Il y a des moments où vous ressentez de la sympathie pour les différents diables de la série, y compris l'épéiste mutilé et sœur-boffer Jamie Lannister (Nikolaj Coster-Waldau) et l'impérieux Tywin, qui fait ressembler le royaume à une corvée mais aime clairement jouer à une marionnette secrète. maître. Et il y a de jolis moments où le personnage est défini sans paroles, comme lorsque l'odieux roi Joffrey Baratheon (Jack Gleeson) fait la lumière sur la mort de Ned Stark en présence de sa fille encore traumatisée : la caméra s'attarde sur son visage en gros plan alors qu'elle revit en silence une horreur qu'elle ne peut pas reconnaître publiquement, et encore moins discuter. Mieux encore, ce sont de petits détails atmosphériques, tels que la brume bleue teintée de clair de lune qui entoure une scène d'action nautique, et la façon dont deux dragons se piquent et se mordent de manière ludique dans les airs, comme un couple de crécerelles espiègles ; ils vous font sentir qu'il ne s'agit pas d'un monde entièrement basé sur la scène sonore ou créé par CGI, mais d'un lieu réel.

La saison dernière a rencontré des problèmes que l'on pourrait qualifier de « proportionnalité », comme la torture du captif Theon Greyjoy (Alfie Allen), qui était excessivement sadique même parGame of Thrones' standards et cela semblait se répéter sans raison valable au cours de dix longs épisodes qui contenaient beaucoup de voyages et de guerres et des intrigues dans d'autres intrigues qui se déroulaient simultanément.

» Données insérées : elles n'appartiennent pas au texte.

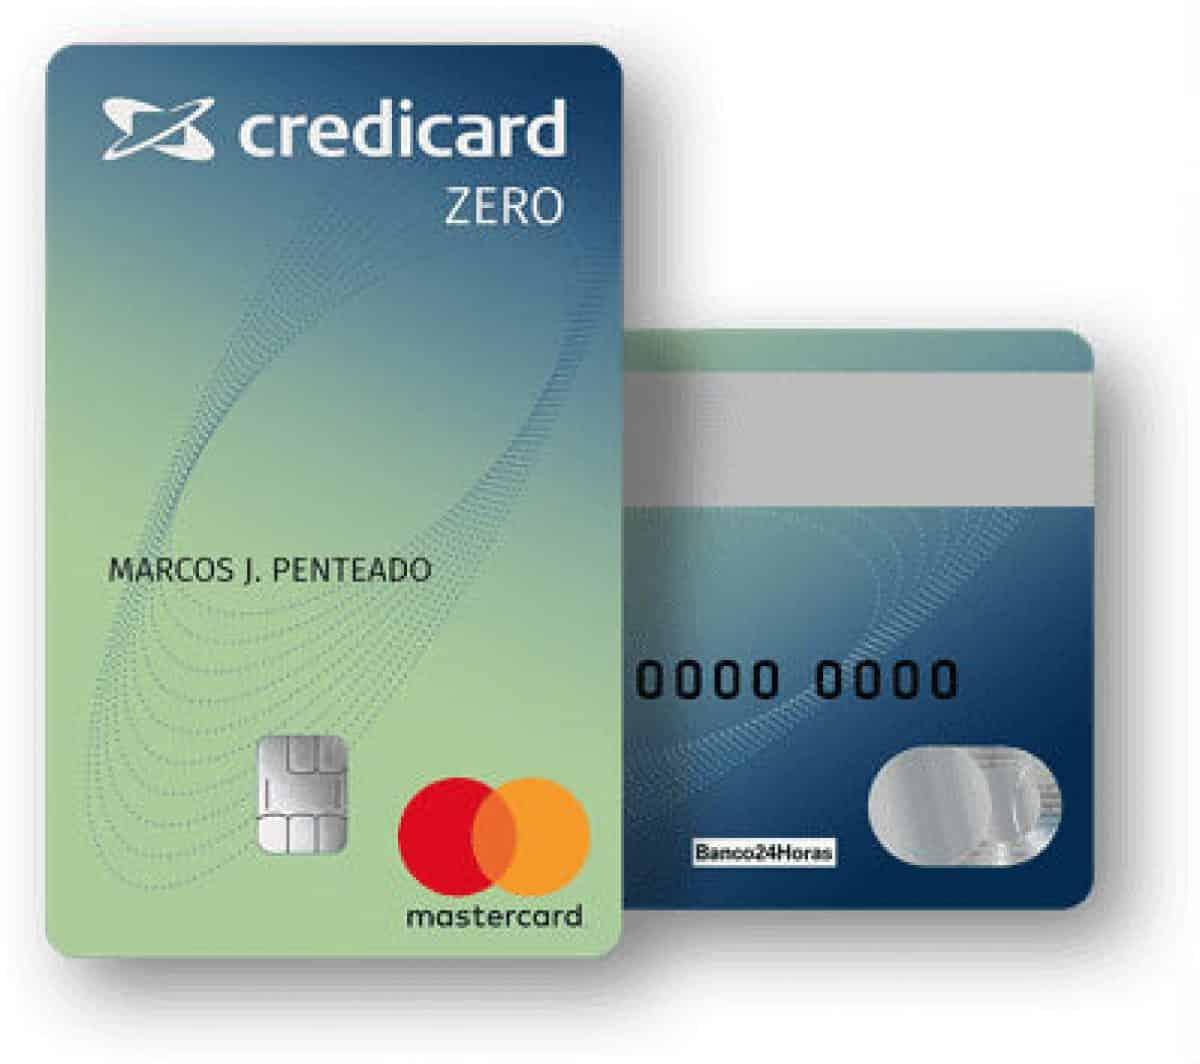 credicard zero 1200x1064 2

Mais pour l’essentiel, la série fait un travail remarquable en donnant à tous les volets narratifs ce qui semble être la bonne accentuation. La narration ne semble pas saccadée, car une fois que vous êtes passé, disons, de King's Landing au Mur, ou du Mur à la croisade de libération des esclaves de la reine dragon Daenerys Targaryen (Emilia Clarke), la série s'installe pour un peu et vous donne trois scènes bien formées et quelque peu longues avant de changer à nouveau de lieu. C'est ce que les cinéastes appelleraient « transversal », mais c'est très ralenti, afin que vous puissiez traiter toutes les informations qui circulent.

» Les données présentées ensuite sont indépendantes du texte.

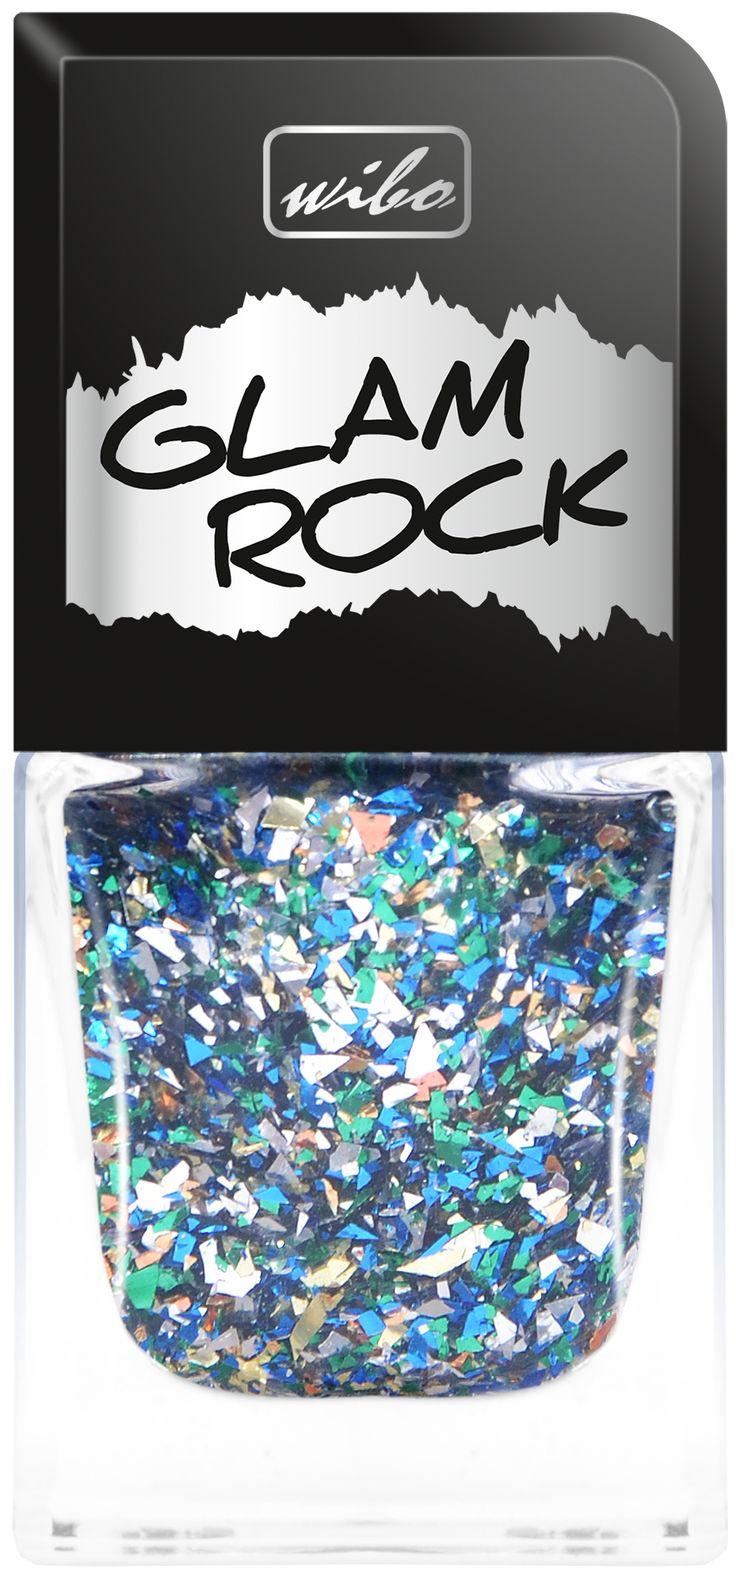 Wybierz GLAMOUR manicure!  Dla stworzenia manicure w odsłonie GLAMOUR idealny będzie nawierzchniowy lakier do paznokci Wibo, Glam Rock. Na dowolny lakier nałóż brokatowy Top Coat w odcieniach złota, srebra, zieleni i błękitu.  #nails #nailspa #paznokcie #mani #manicure #zadbane #dlonie #kobieta #kosmetyki #wibo #lakier #lakiery #kolor #rock #leather #blyszczace

N'ayant regardé que les premiers épisodes, je ne risquerai pas de porter un jugement sur la façon dont cela se compare aux autres saisons, mais je dirai que la narration semble avoir atteint un nouveau sommet de confiance détendue. Dans chaque scène, vous ressentez un mouvement vers l’avant constant. De nouveaux personnages sont introduits et d'anciens personnages approfondis, et de nouvelles intrigues sournoises sont si adroitement présentées que ce n'est qu'au milieu de l'épisode trois que vous repensez à tout ce qui a précédé et que vous vous moquez de vous-même de ne pas avoir vu venir une surprise particulière - et que vous riez. avec la série pour avoir déclenché un autre mastodonte narratif qui culminera sûrement dans un bain de sang désormais breveté pour le neuvième épisode.

Il y a aussi une douce audace dans un certain rebondissement de l'intrigue à laquelle je n'ai pas pu m'empêcher de penser. Il suffit de dire qu'après plus de trois saisons,Game of Thronesest devenu si sûr de lui qu'il ne ressent plus le besoin de cacher qui est réellement responsable de développements apparemment « mystérieux ». Au lieu de cela, il permet aux téléspectateurs observateurs de reconstituer le tout et de se sentir raisonnablement sûrs de l'avoir bien décrit, en fonction de leur compréhension du fonctionnement de cet univers, des caractéristiques personnelles qu'il valorise et de celles qu'il punit.